[Items listed in a dataset]

#####

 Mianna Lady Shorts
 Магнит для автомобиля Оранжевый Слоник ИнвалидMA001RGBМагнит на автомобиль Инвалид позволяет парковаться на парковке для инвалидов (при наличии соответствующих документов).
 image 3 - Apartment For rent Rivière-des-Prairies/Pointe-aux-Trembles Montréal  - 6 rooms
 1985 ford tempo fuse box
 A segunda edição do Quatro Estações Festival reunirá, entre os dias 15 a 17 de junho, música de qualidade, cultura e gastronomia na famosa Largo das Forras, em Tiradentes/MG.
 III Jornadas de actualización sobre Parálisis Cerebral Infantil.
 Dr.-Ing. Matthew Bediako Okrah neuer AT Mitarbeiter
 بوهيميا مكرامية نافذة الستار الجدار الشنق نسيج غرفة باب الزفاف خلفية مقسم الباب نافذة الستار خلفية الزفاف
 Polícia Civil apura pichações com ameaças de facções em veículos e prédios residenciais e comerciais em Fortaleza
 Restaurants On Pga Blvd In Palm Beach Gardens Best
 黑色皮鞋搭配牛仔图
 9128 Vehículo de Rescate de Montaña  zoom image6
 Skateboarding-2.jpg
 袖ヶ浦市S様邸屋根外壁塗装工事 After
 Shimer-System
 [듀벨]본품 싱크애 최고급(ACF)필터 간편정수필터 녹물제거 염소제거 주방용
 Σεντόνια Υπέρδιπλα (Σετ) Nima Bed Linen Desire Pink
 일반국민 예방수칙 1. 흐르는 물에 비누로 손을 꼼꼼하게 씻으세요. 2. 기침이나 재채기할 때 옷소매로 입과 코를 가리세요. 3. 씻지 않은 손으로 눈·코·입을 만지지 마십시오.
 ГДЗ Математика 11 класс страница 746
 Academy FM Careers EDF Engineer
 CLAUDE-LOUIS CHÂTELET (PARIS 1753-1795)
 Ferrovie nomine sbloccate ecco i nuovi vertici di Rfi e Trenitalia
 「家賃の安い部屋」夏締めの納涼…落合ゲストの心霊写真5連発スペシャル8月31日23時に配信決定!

#####

> _Required work_
Write out again, exactly, the lines from the start of the entries up to and including the one with "III Jornadas de". Nothing else belongs in the reply.

> _Solution for this problem_
 Mianna Lady Shorts
 Магнит для автомобиля Оранжевый Слоник ИнвалидMA001RGBМагнит на автомобиль Инвалид позволяет парковаться на парковке для инвалидов (при наличии соответствующих документов).
 image 3 - Apartment For rent Rivière-des-Prairies/Pointe-aux-Trembles Montréal  - 6 rooms
 1985 ford tempo fuse box
 A segunda edição do Quatro Estações Festival reunirá, entre os dias 15 a 17 de junho, música de qualidade, cultura e gastronomia na famosa Largo das Forras, em Tiradentes/MG.
 III Jornadas de actualización sobre Parálisis Cerebral Infantil.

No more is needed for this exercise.